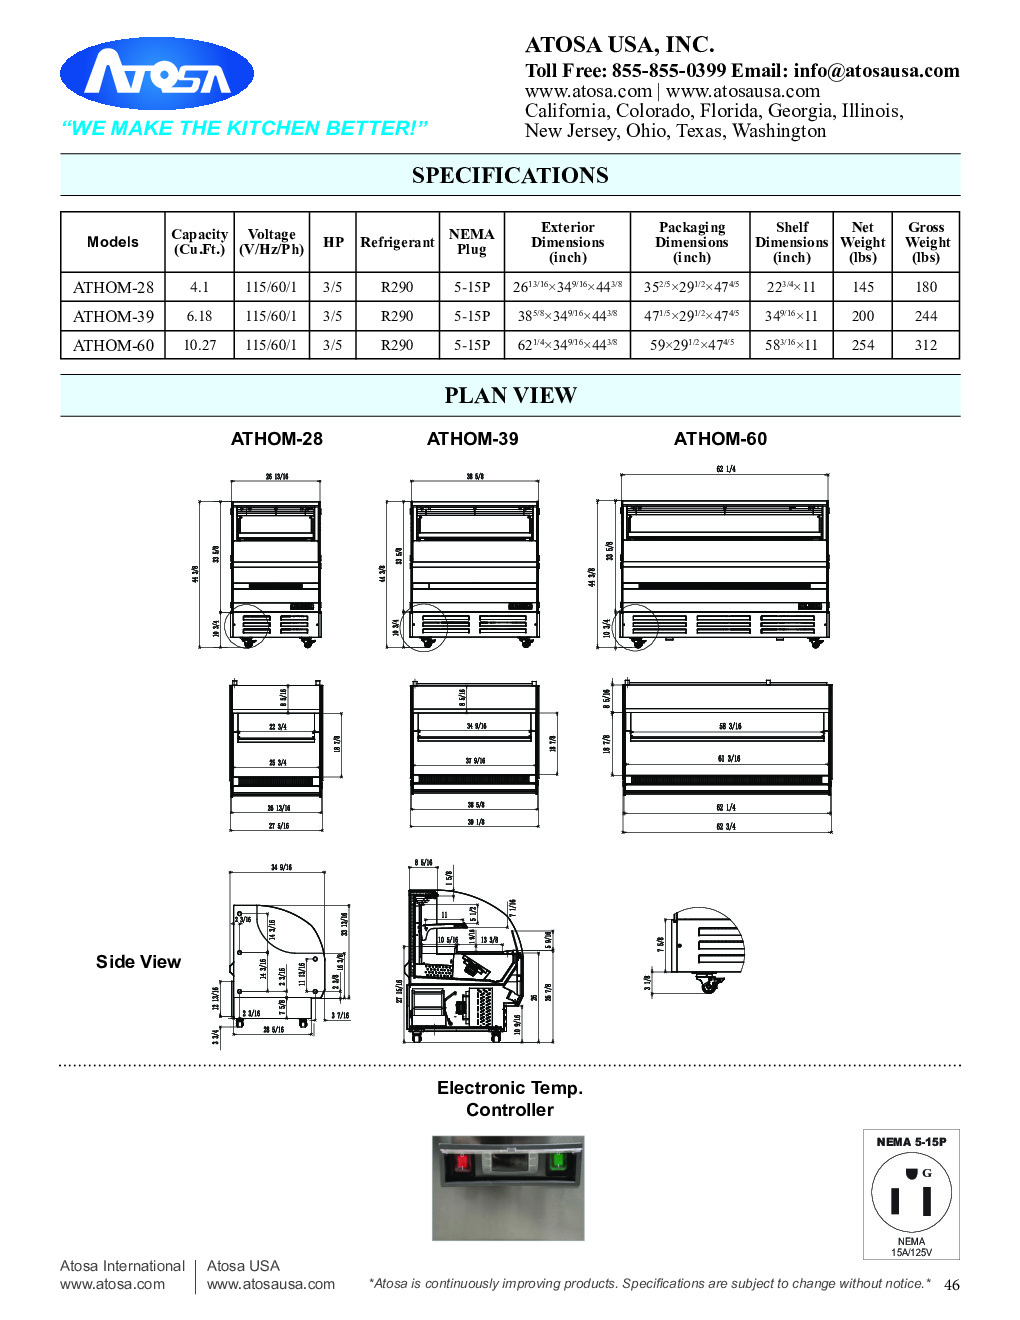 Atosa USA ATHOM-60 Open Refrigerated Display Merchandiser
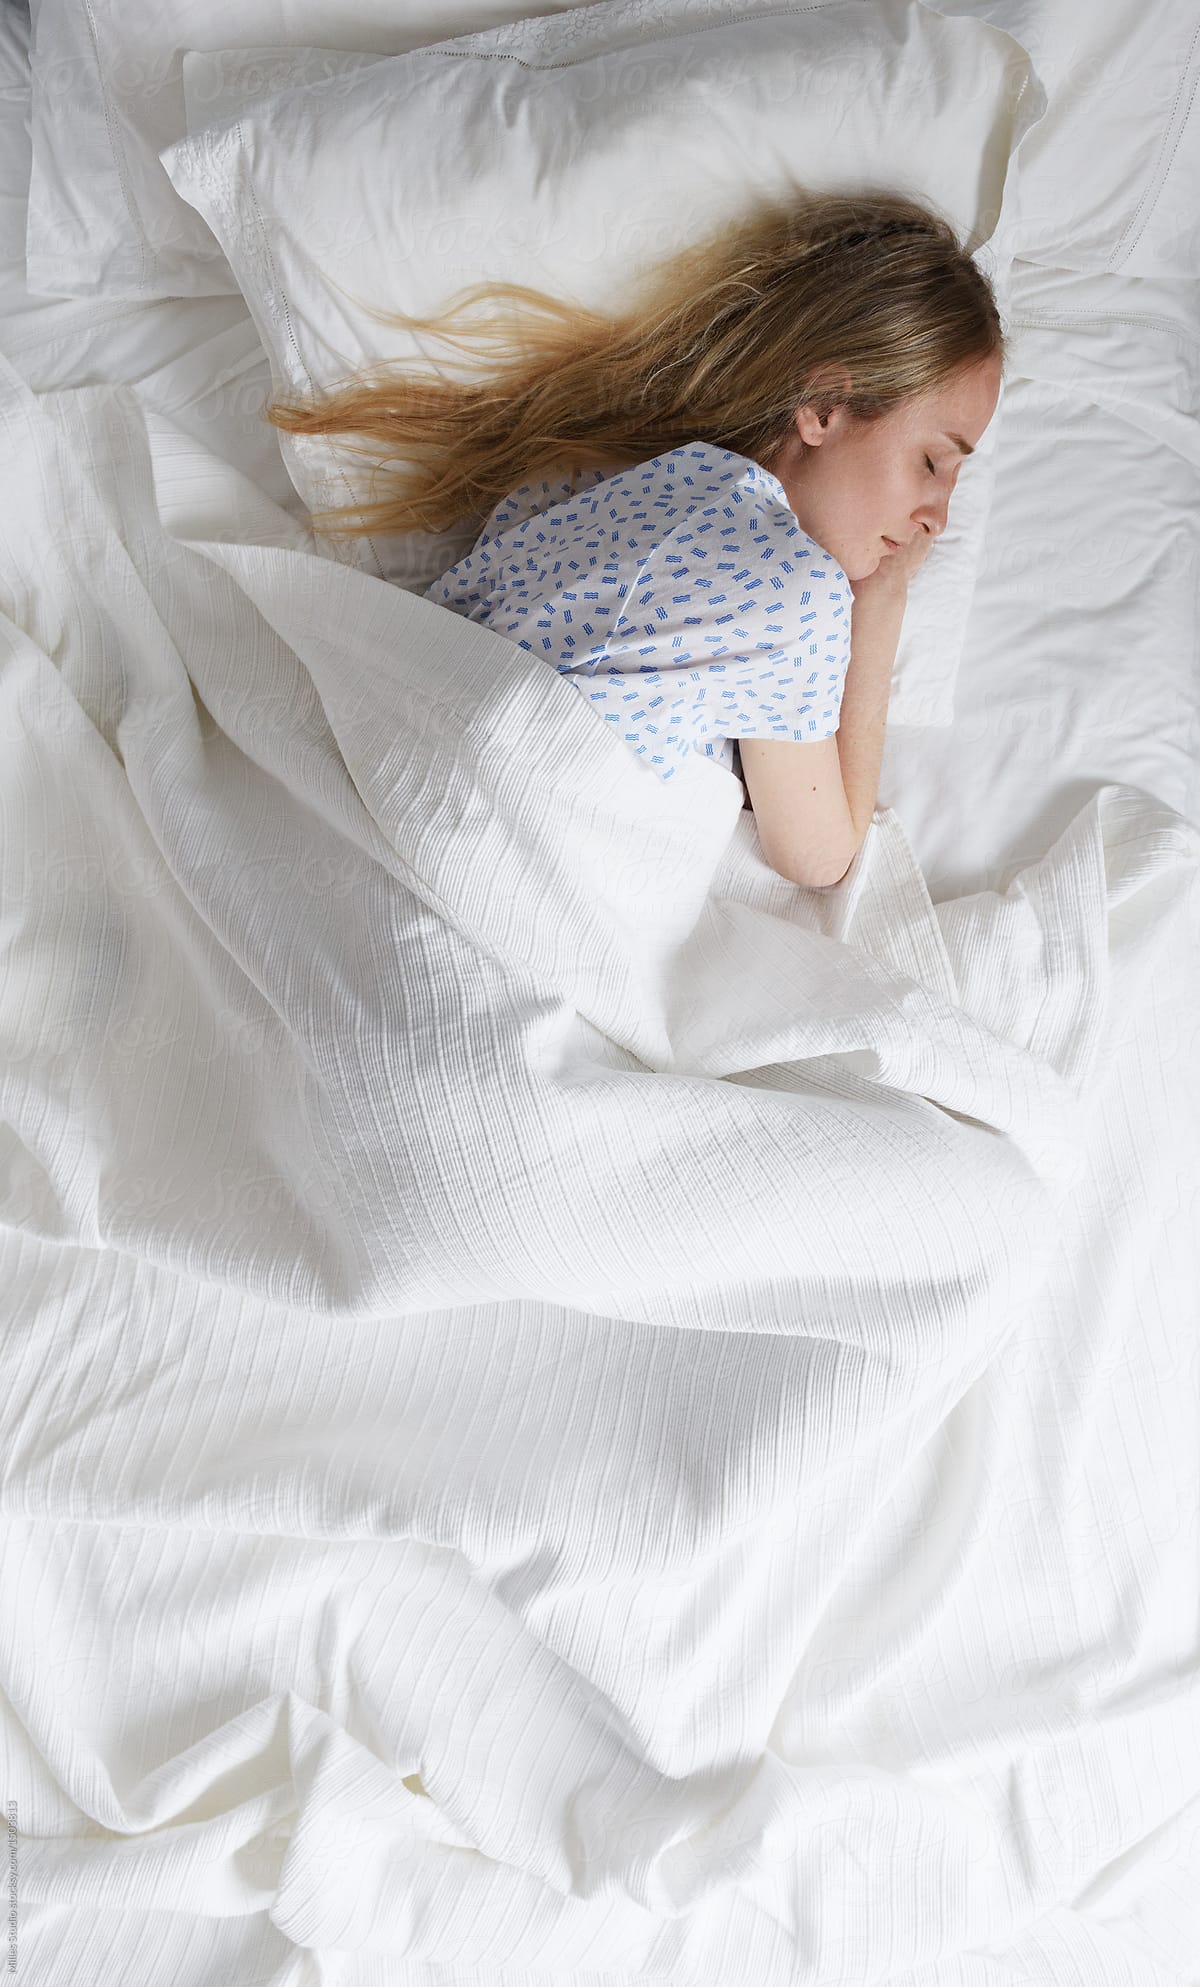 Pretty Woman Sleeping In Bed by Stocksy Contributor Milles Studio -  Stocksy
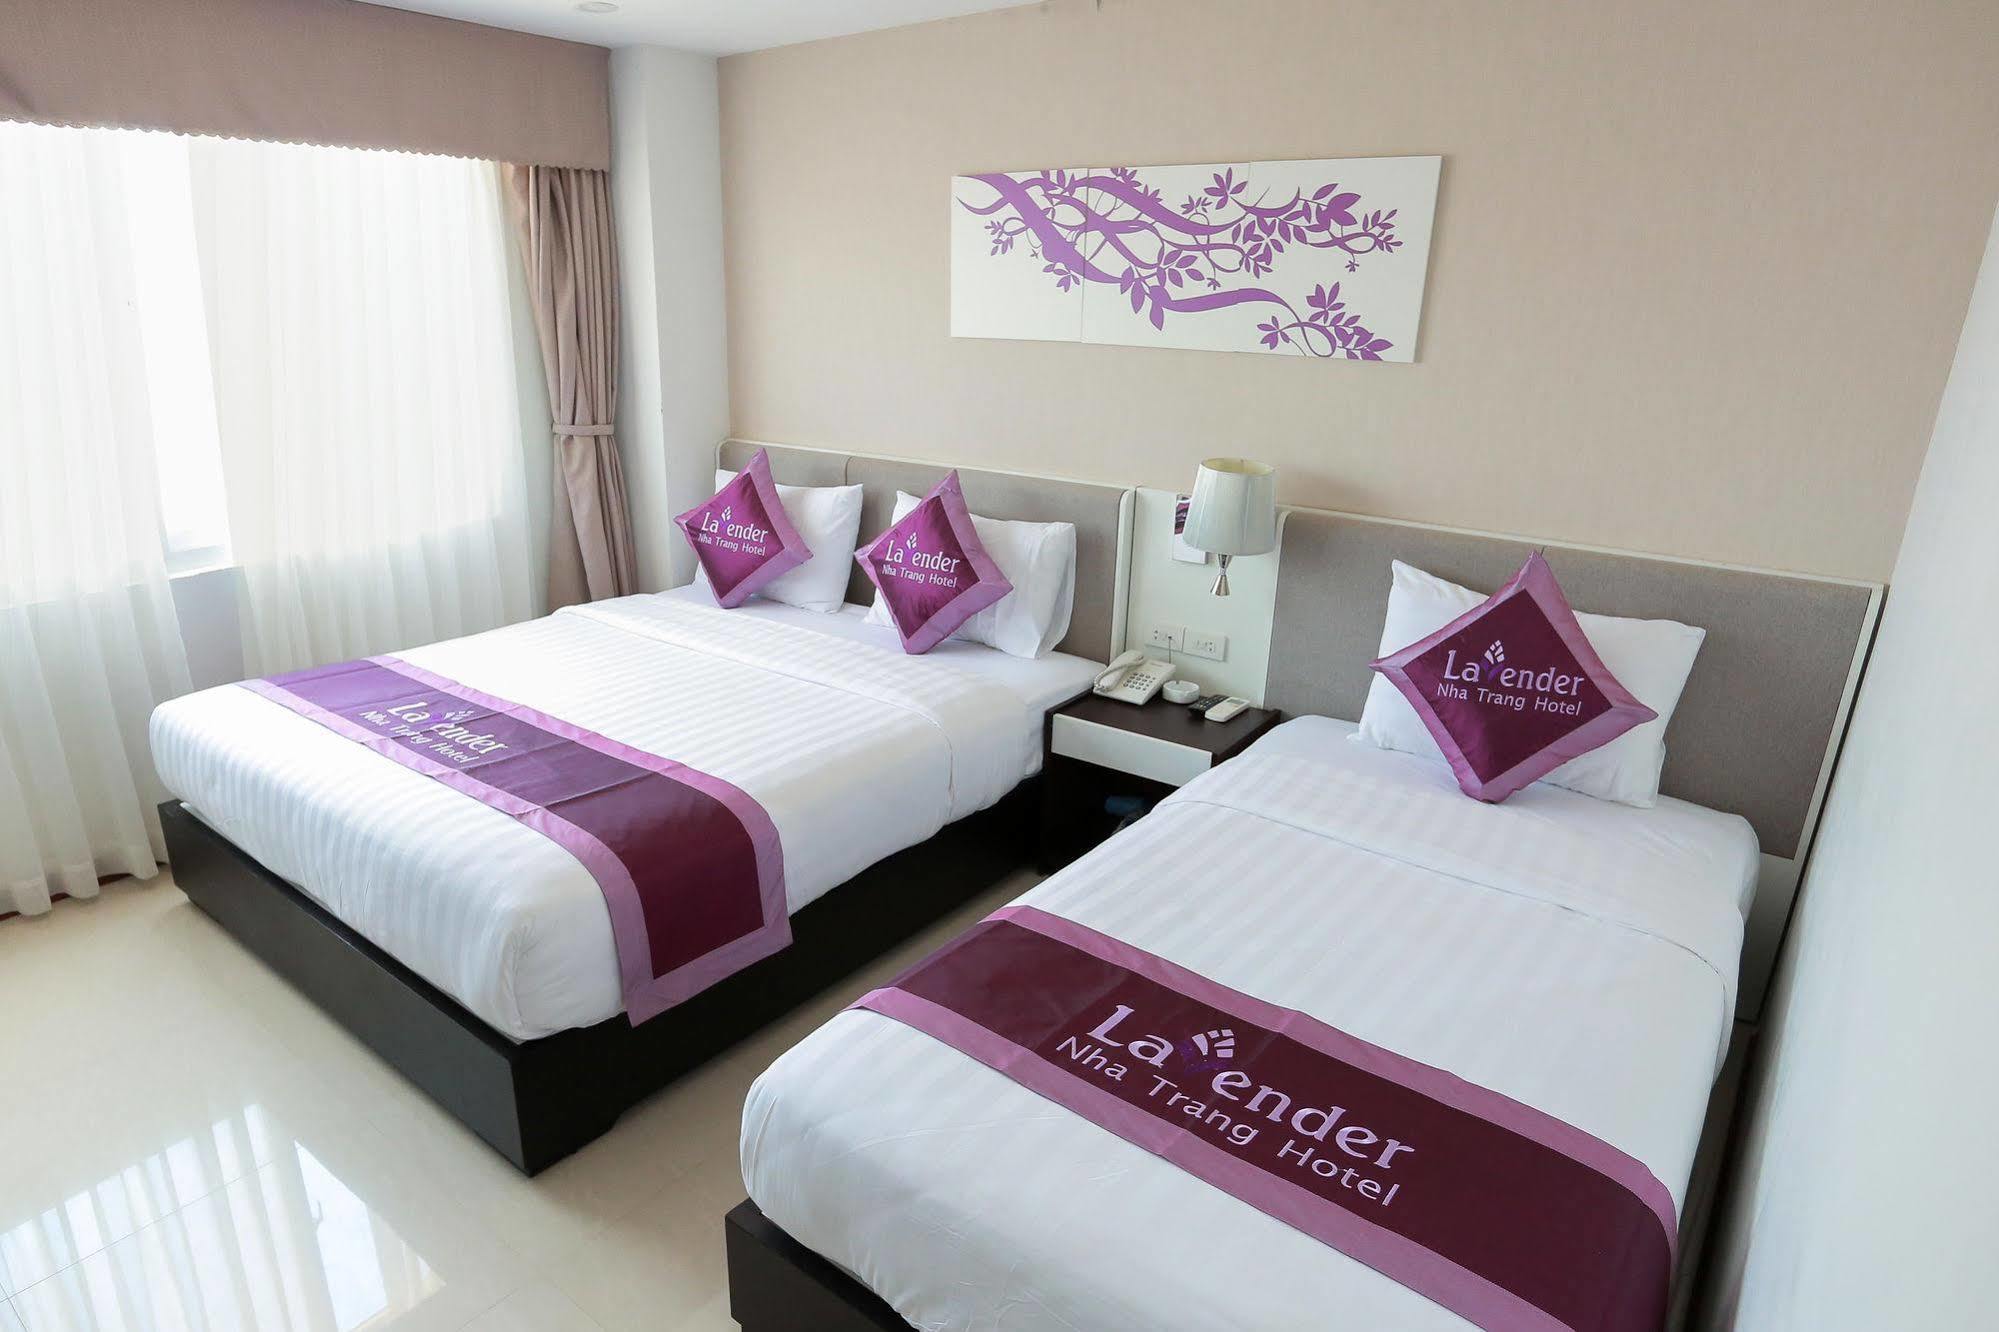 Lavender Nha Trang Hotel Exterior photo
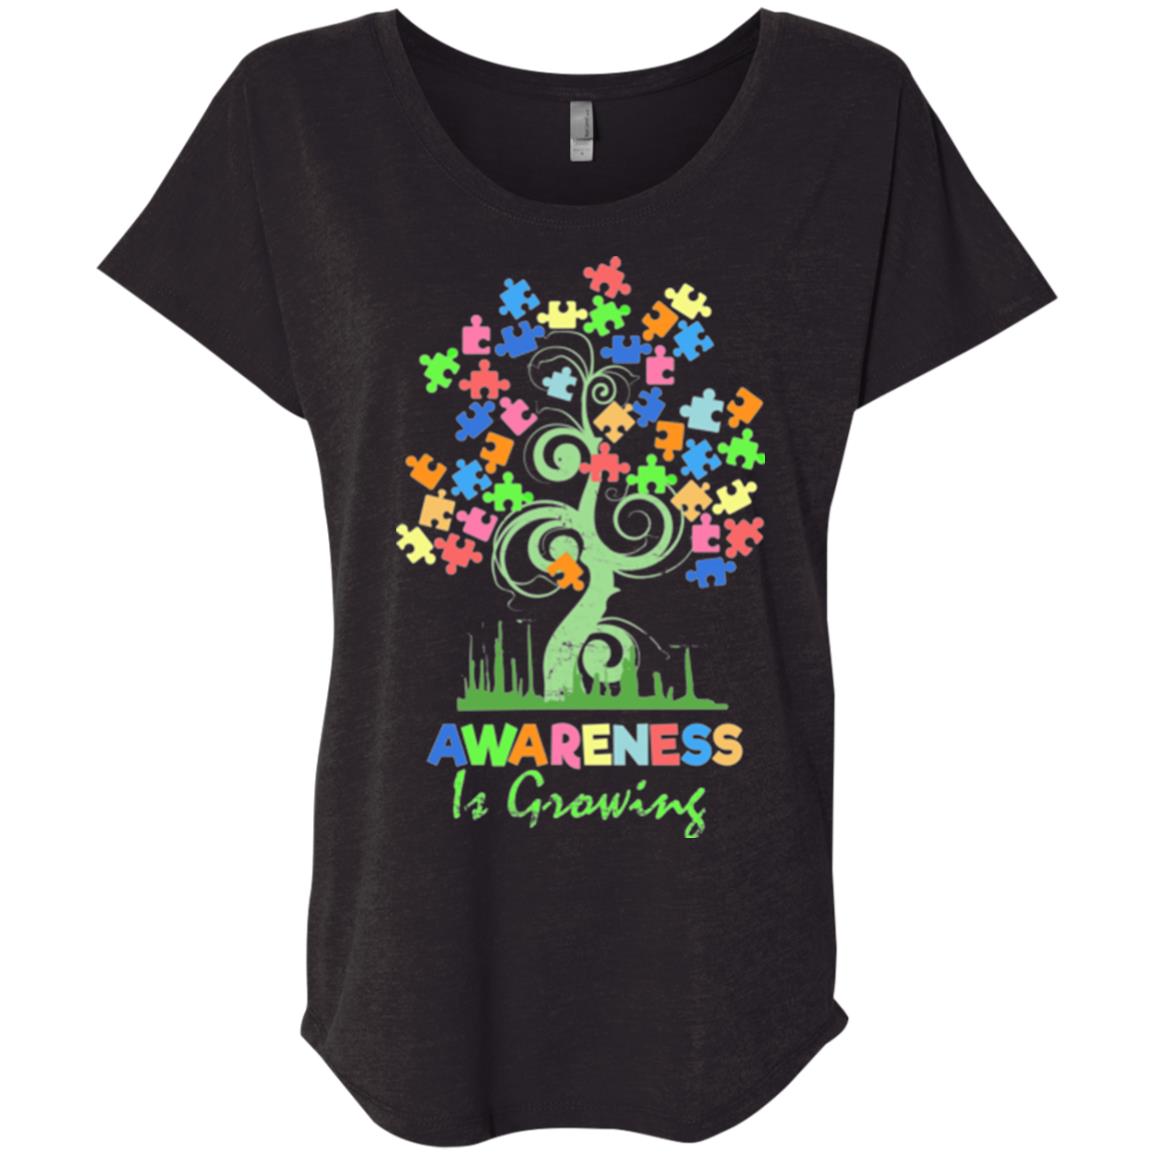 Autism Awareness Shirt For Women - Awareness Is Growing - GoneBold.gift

*How to complete this task*. An exact retyping of the material, minus the pictures, is the required answer.

*Expected answer*.
 Atosa USA ATHOM-60 Open Refrigerated Display Merchandiser
 Pretty Woman Sleeping In Bed by Stocksy Contributor Milles Studio -  Stocksy
 Lavender Nha Trang Hotel Exterior photo
 Autism Awareness Shirt For Women - Awareness Is Growing - GoneBold.gift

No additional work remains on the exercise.